The setback viscosity (SV) is defined as the difference between final viscosity and trough viscosity and its magnitude is considered to reflect the retrogradation tendency of amylose in a starch paste. Typically, starch presenting higher SV values has a greater tendency for retrogradation [4]. During the cooling process of RAV measurements, the rapid aggregation and the formation of junction zones of amylose by hydrogen bonds between the chains of the molecules are responsible for the retrogradation [28, 33]. It is shown that both additions of gellan gums decrease the final and SV compared to the rice starch sample. Many works also reported similar findings that the hydrocolloids additions could delay the retrogradation of amylose [3]. This effect again contributes to not only the cohesive gel network by hydrocolloids which delays the moisture migration, but also the intramolecular associations between hydrocolloids and solubilized starch molecules by structural winding or inclusion, hydrogen bonding and electrostatic interactions. Shi & Bemiller [17] studied the pasting properties of many starches in dilute solutions of hydrocolloids and found that ionic hydrocolloids such as xanthan and CMC can interact with starch molecules significantly by intramolecular associations. For both gellan gums, the carboxyl groups on glucuronic acid residues may induce the electrostatic interaction [21, 34] between gellan gum chains and with starch molecules, which shows the typical characteristics of ionic hydrocolloids. On the other hand, since HA gellan gum has more acetyl and glyceroyl groups, less linear structure and bigger steric hindrance [34], a more robust gel network can be formed which may further delay the retrogradation of amylose in the paste.

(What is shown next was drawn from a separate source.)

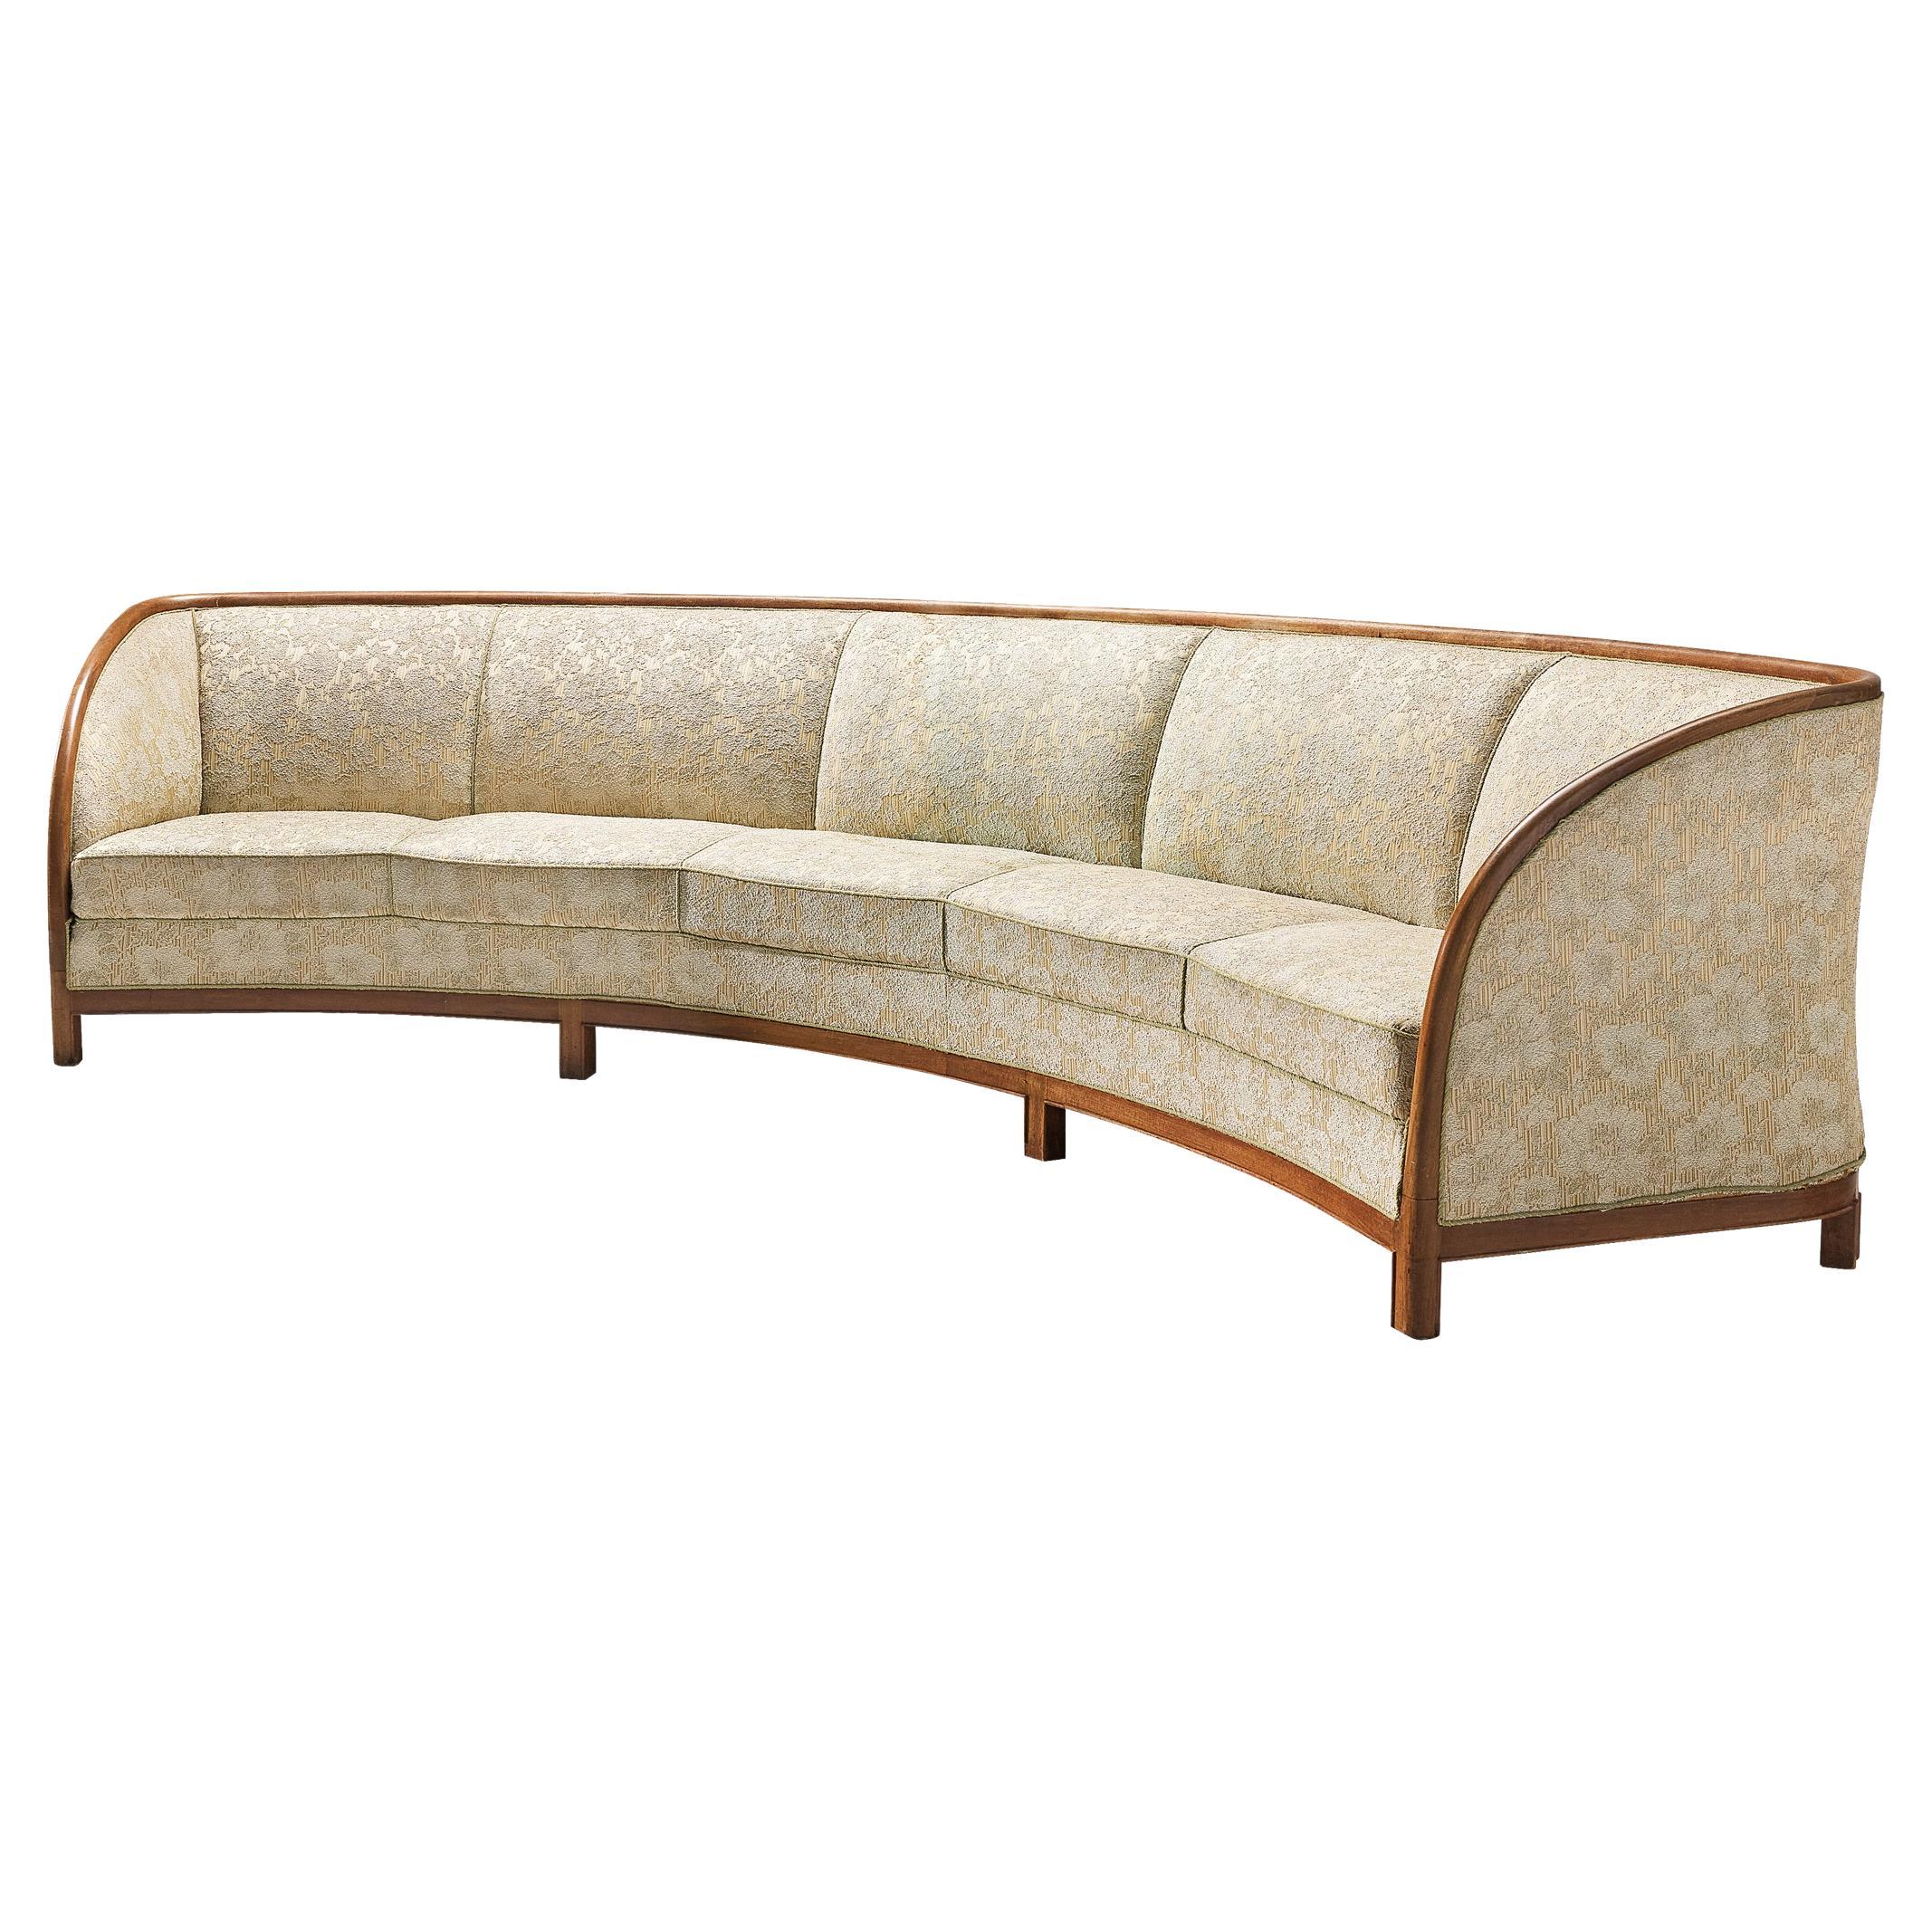 Large Curved Danish Sofa in Light Fabric Upholstery For Sale

Dynamic Viscoelastic Properties
Small deformation oscillatory tests are always employed to elucidate structural insight of viscoelastic materials. It is known that the storage modulus (G’) and loss modulus (G”) represent the elastic property of energy storage and the viscous property of energy dissipation, respectively [29]. The dynamic mechanical spectra of the RS-LA and RS-HA mixed pastes are shown in Fig. 2. The results clearly suggest that G′ is much higher than G″ throughout the measured frequency range and increase with the increase of angular frequency. These results indicate that the rice starch gel without and with gellan gums can be treated rheologically as a normal weak gel structure [35]. It can also be seen that the addition of gellan gums increase the value of G’ and G” as compared to the rice starch sample.

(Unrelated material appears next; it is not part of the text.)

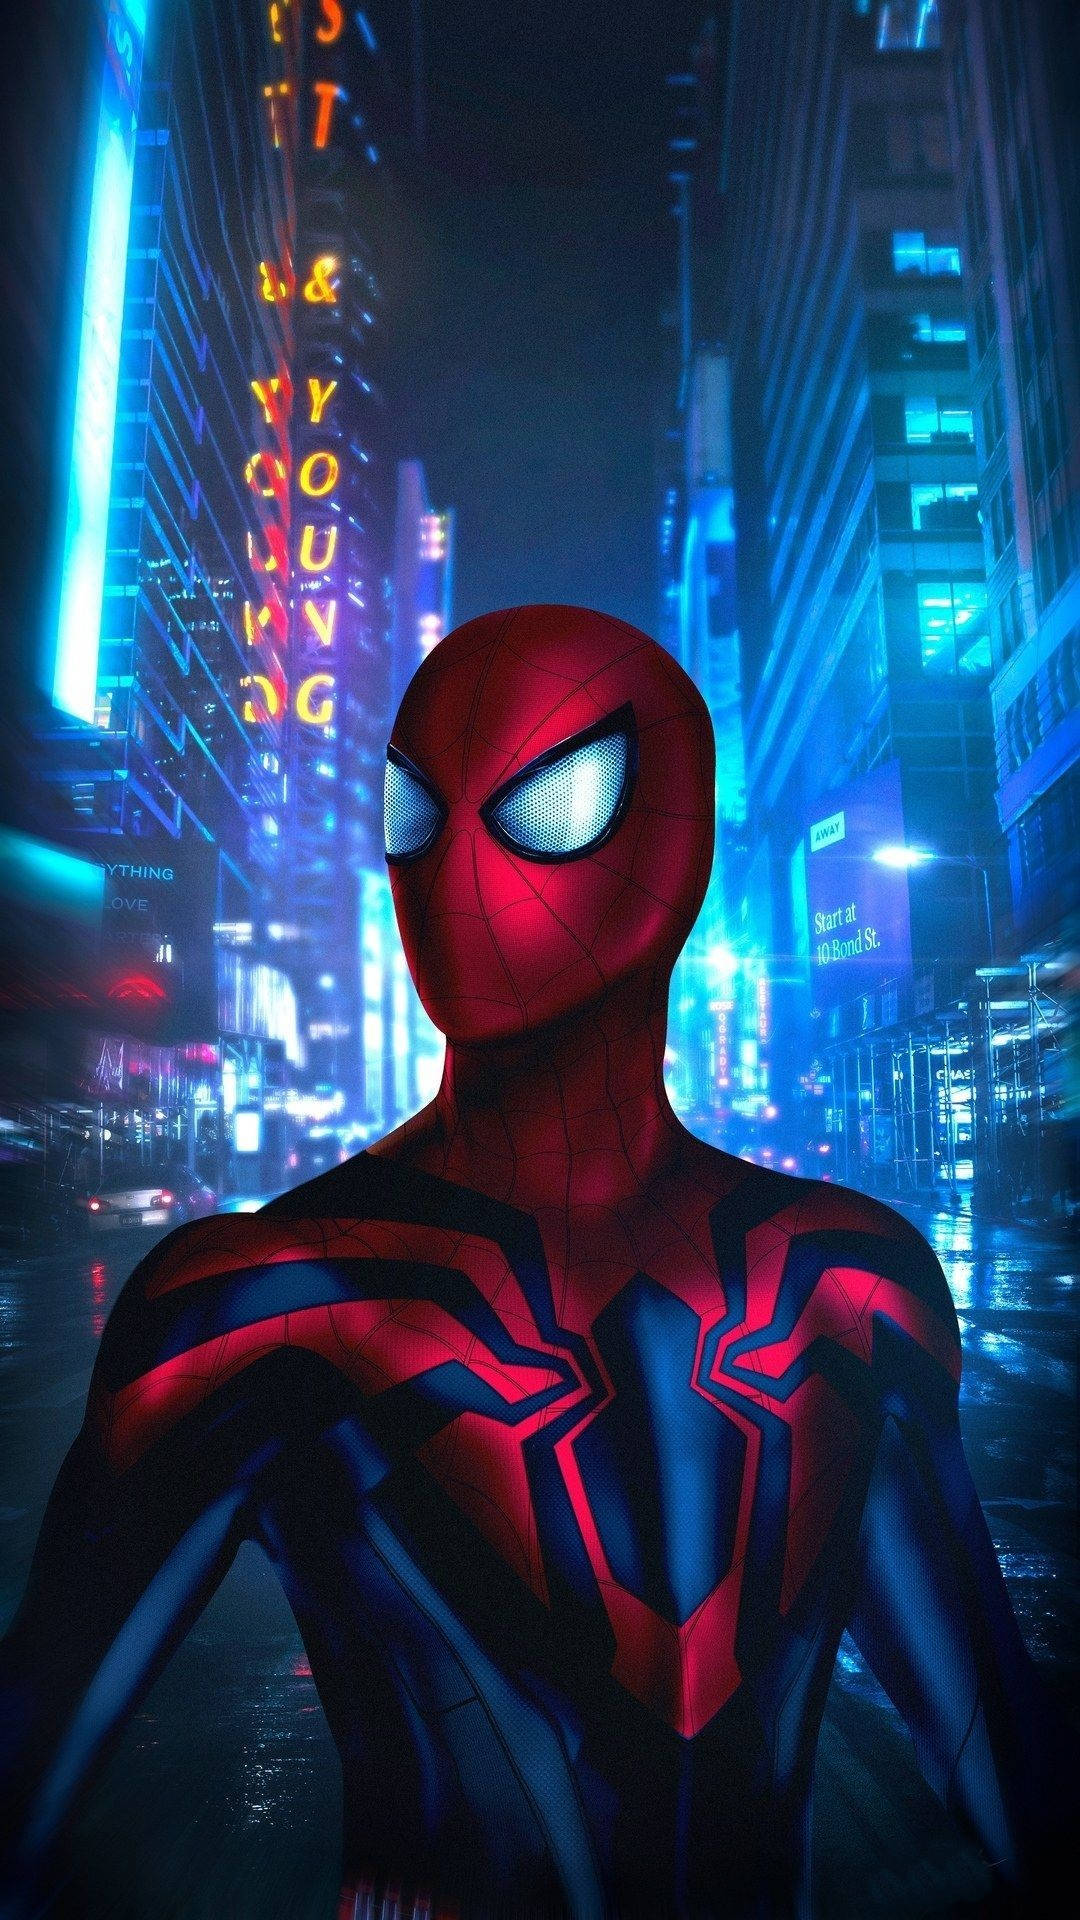 Caption: Exciting Spiderman Wallpaper For Oneplus 8 Pro Users Background

The variation of modulus with frequency for gels of rice starch (◇, ◆), rice starch with high acyl gellan gum (○, ●) and low acyl gellan gum (∆, ▲); elastic modulus, G’, is represented by void points and the viscous modulus, G”, by solid points
The values of G’, G”, and dynamic mechanical loss tangent (tanδ = G”/G’) for each rice starch gels at an oscillatory frequency of 1 Hz are listed in Table 2. It is shown that the values of tanδ for all studied gels are much smaller than 1 which indicates their predominantly elastic behaviour. The addition of gellan gums leads to an increase of the storage modulus (G’) and the loss modulus (G”) for RS pastes, which can be interpreted that the presence of gellan gums appears to increase the association of gelatinized starch granules and contributed to the enhancement of G’ values in the mixed pastes. This result is consistent with other previous findings [17, 36, 37]. It is known that due to the absence of a binding agent in rice starch (such as gluten), there was less ability to form a definable structure and there were repulsive forces existing between the starch granules [9]. So the increase of moduli values can be attributed to the difference between the interaction of rice starch–gellan gums in mixed paste and the interaction in pure rice starch paste. On the other hand, in rice starch-gellan gum mixtures, gellan networks are formed around the swollen starch granules and systems with different degrees of elasticity are obtained depending on the extent of granules disruption, which in turn influence the segregation of gellan [38]. The rice starch granules in the paste act as filler that reinforces the gellan gum gel structure and also produce strong bonds to given higher modulus. So, both the swollen particles and gellan compact networks contribute to the elastic character of the mixtures enhancing the storage modulus. This effect will be beneficial for the rice starch to use as an alternative to make gluten-free breads [2].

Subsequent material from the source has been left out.